▸ PROBLEM TO WORK ON
Although the records contain pictures, none belong in the copy: restate word for word only the lines from the one with "Color Drip God is Supreme / White T-shirt" through the one with "22-year-old Amini's death", both included.
[[ DATA RECORDS open ]]
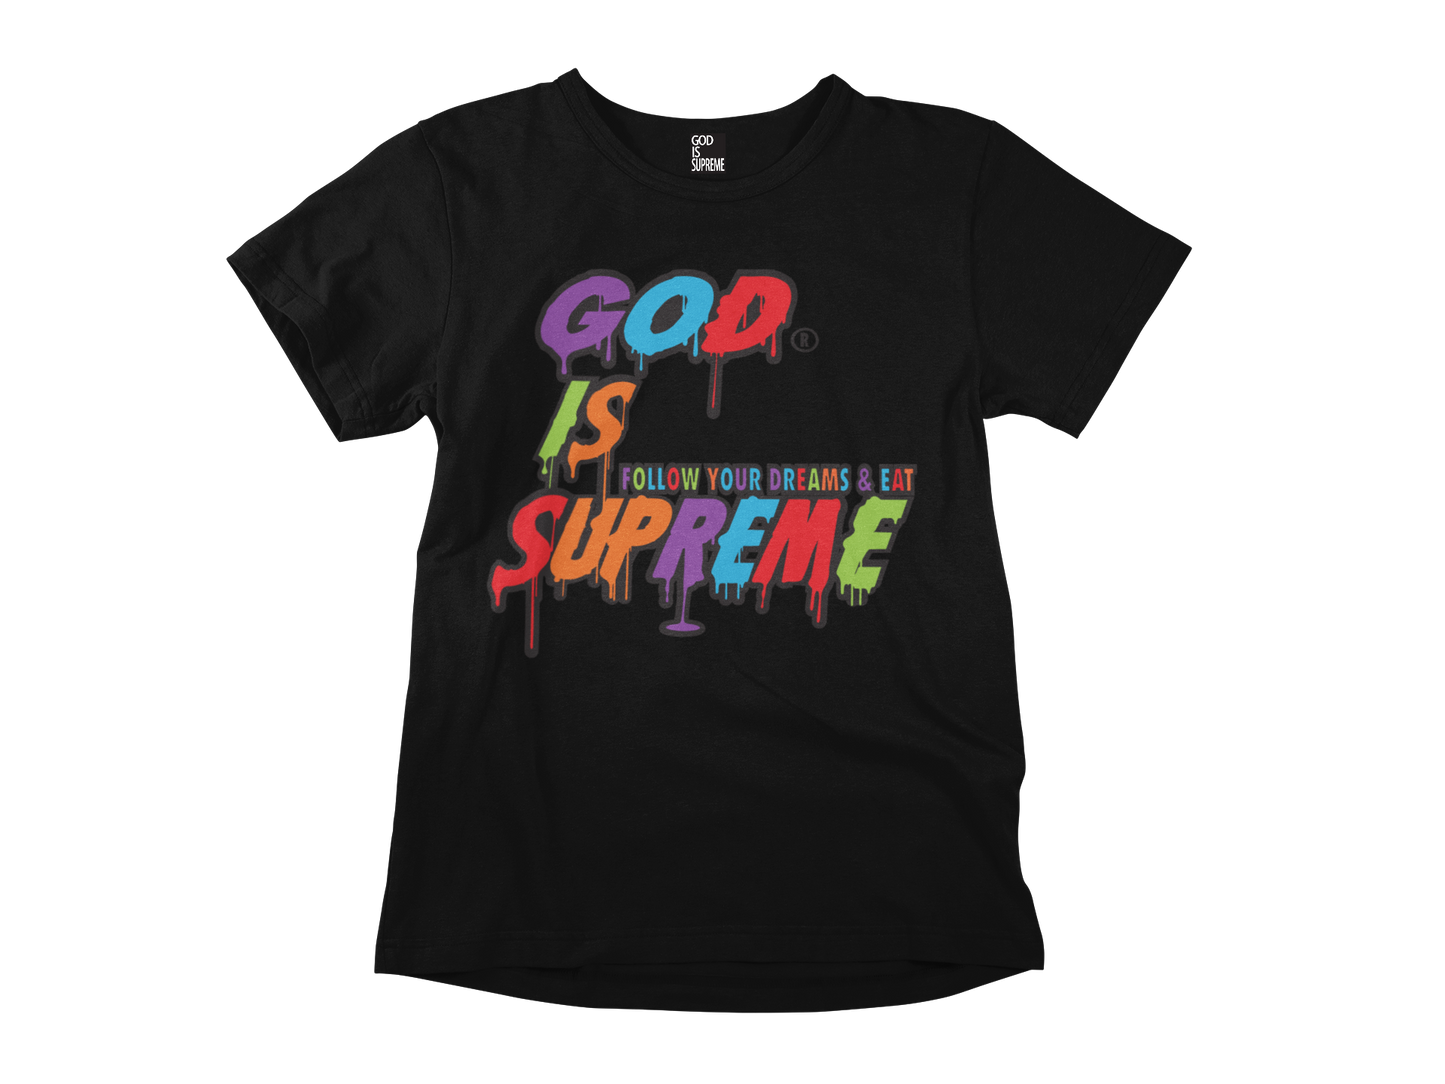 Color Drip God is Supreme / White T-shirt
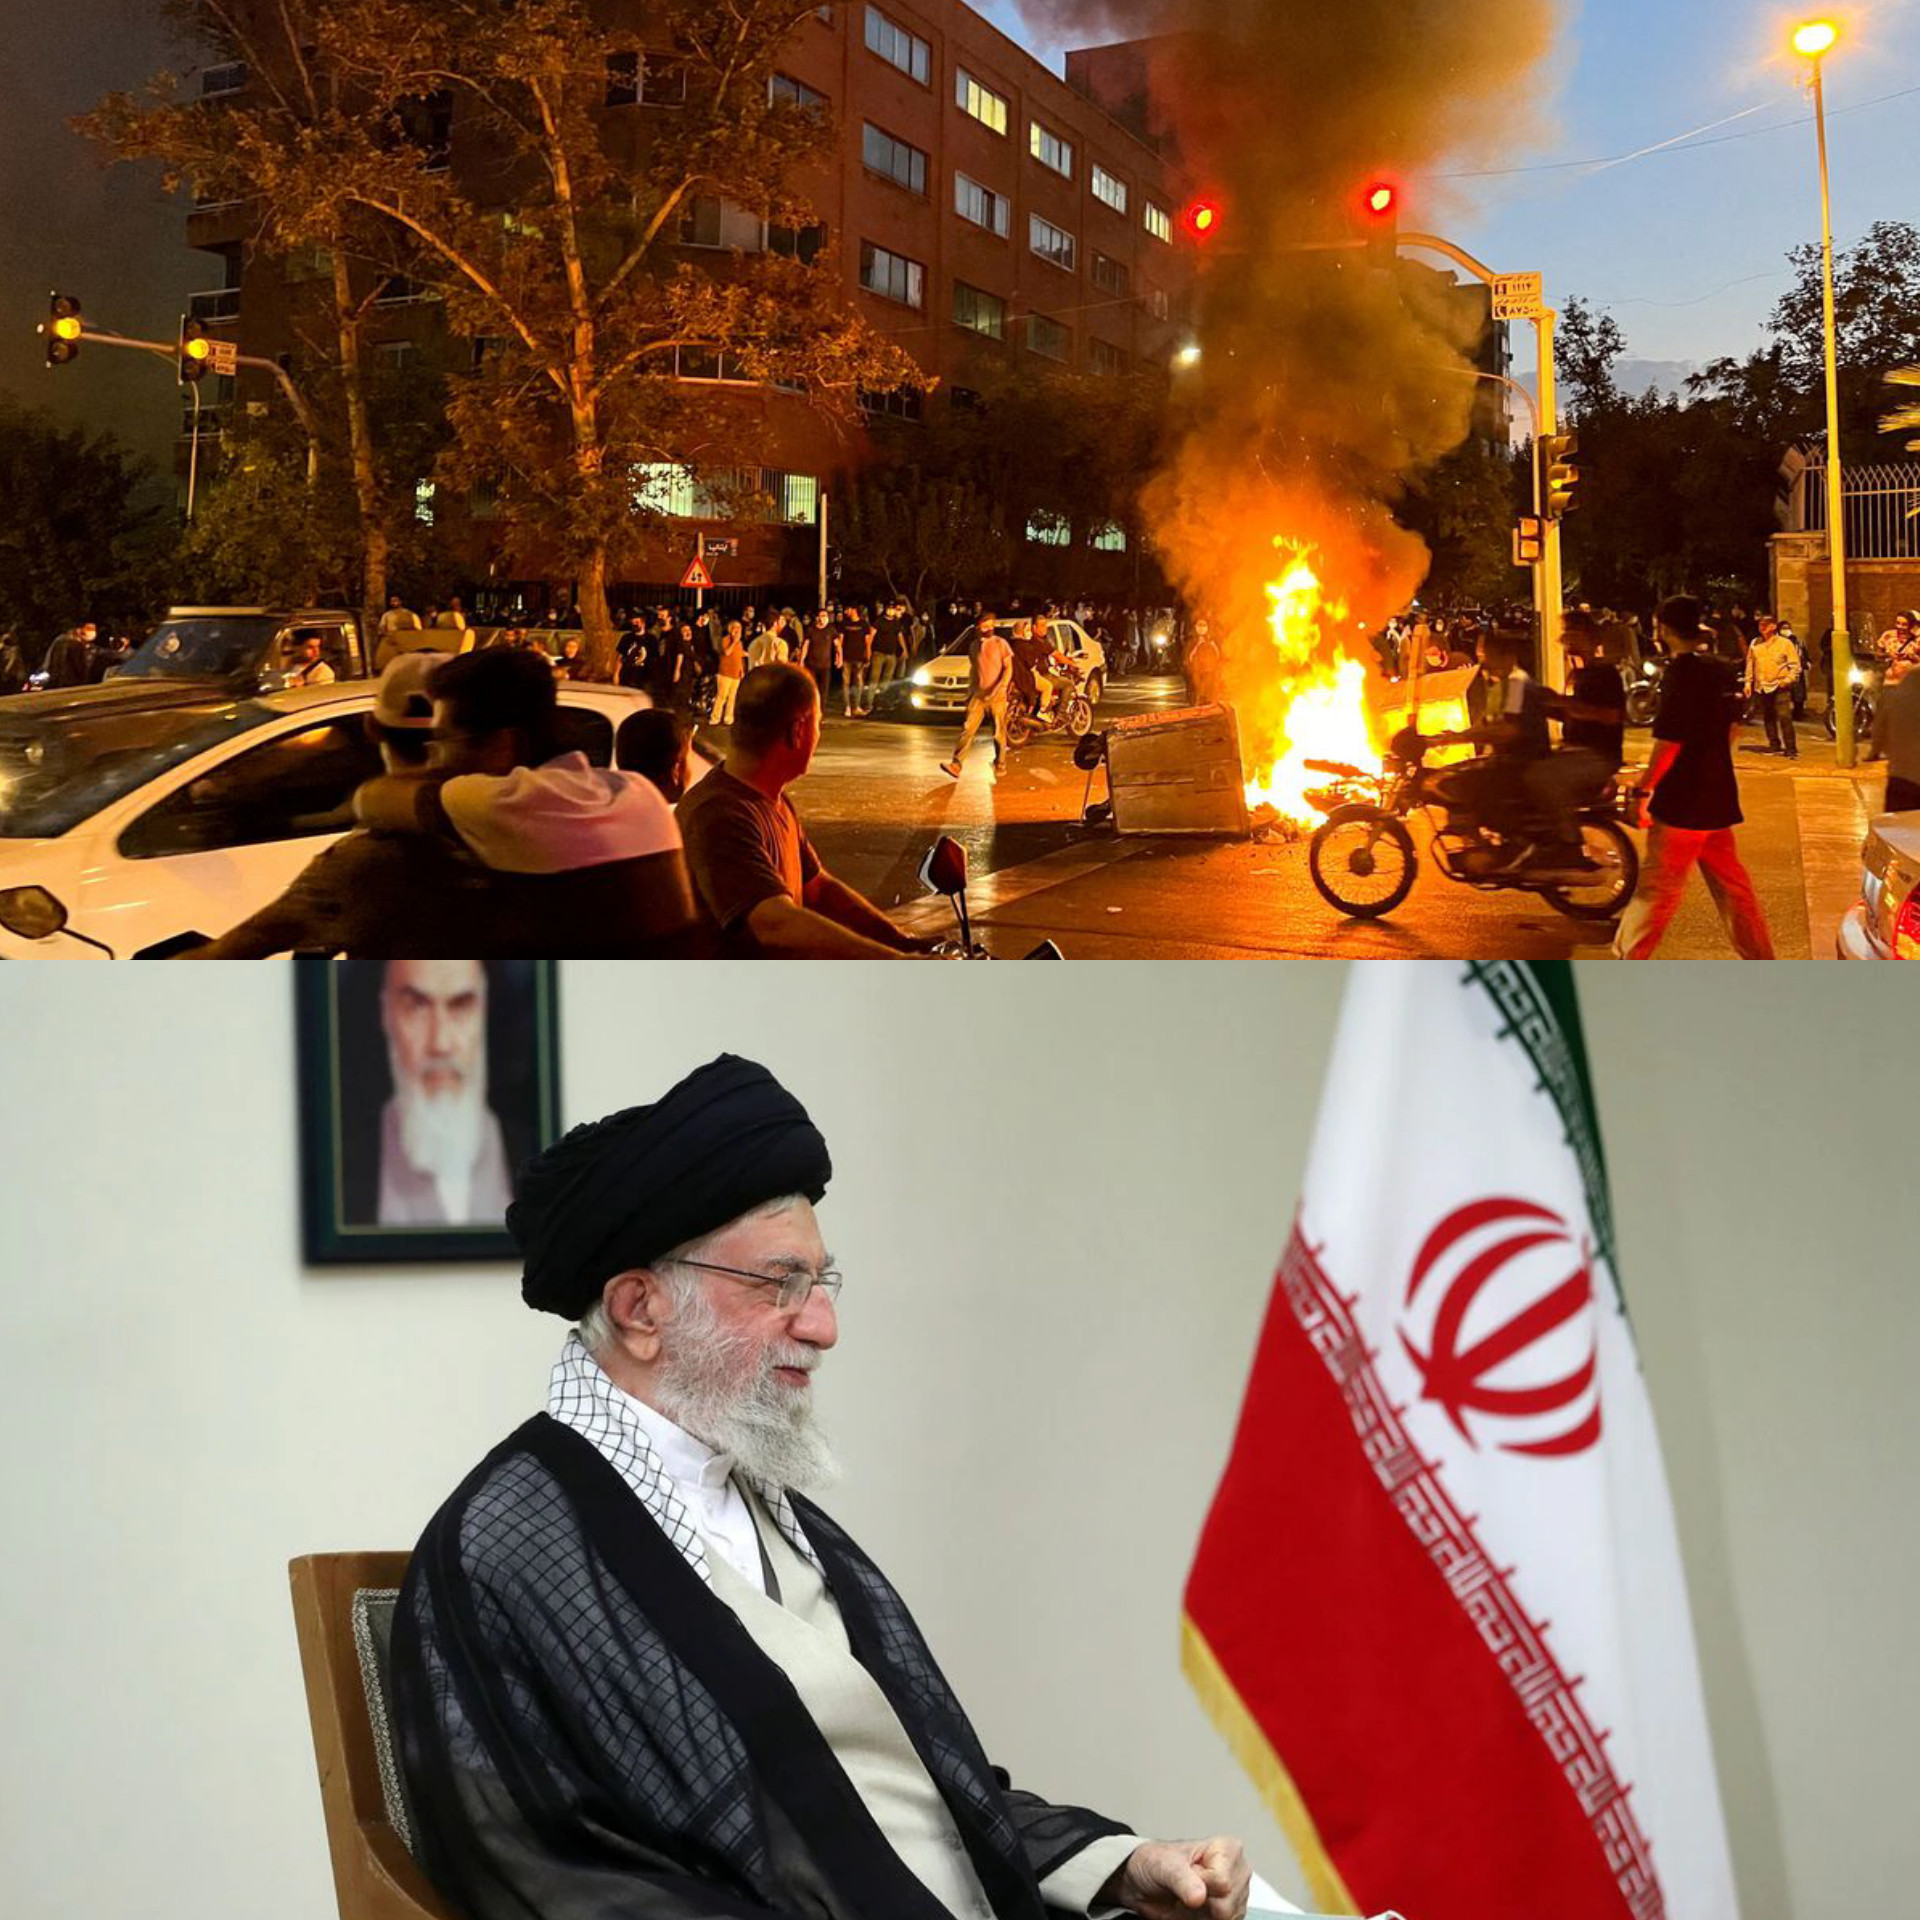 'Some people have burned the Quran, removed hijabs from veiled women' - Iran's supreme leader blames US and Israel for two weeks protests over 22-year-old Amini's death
[[ DATA RECORDS closed ]]
[[ DATA RECORDS open ]]
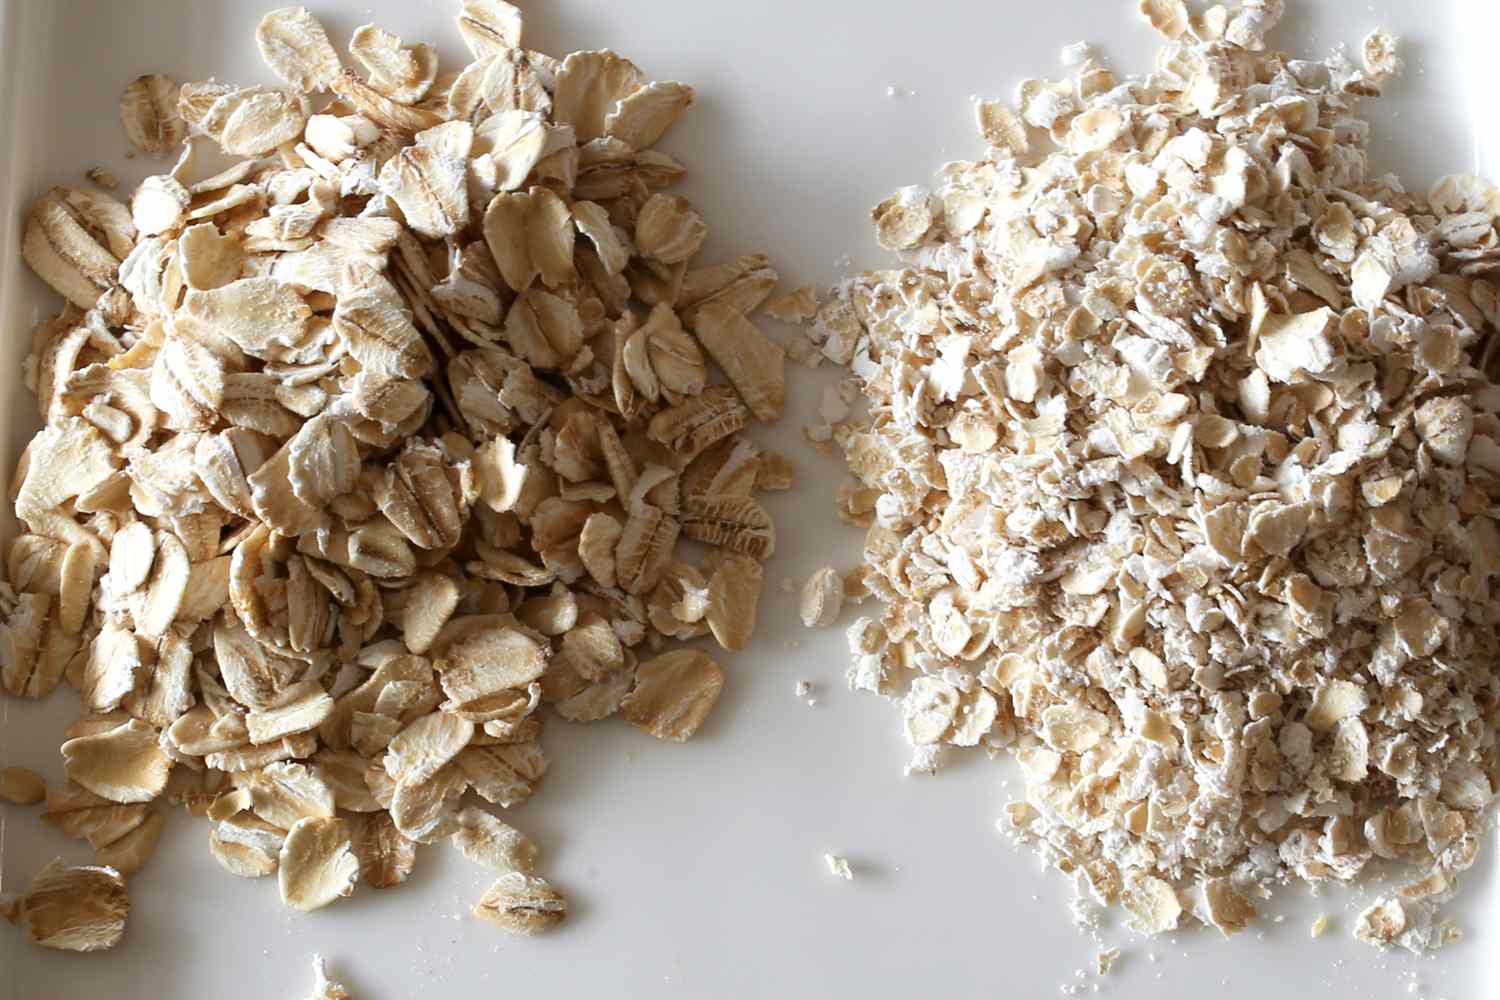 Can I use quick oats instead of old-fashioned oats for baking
[[ DATA RECORDS closed ]]
▸ RESULT OF THIS EXERCISE
 Color Drip God is Supreme / White T-shirt
 'Some people have burned the Quran, removed hijabs from veiled women' - Iran's supreme leader blames US and Israel for two weeks protests over 22-year-old Amini's death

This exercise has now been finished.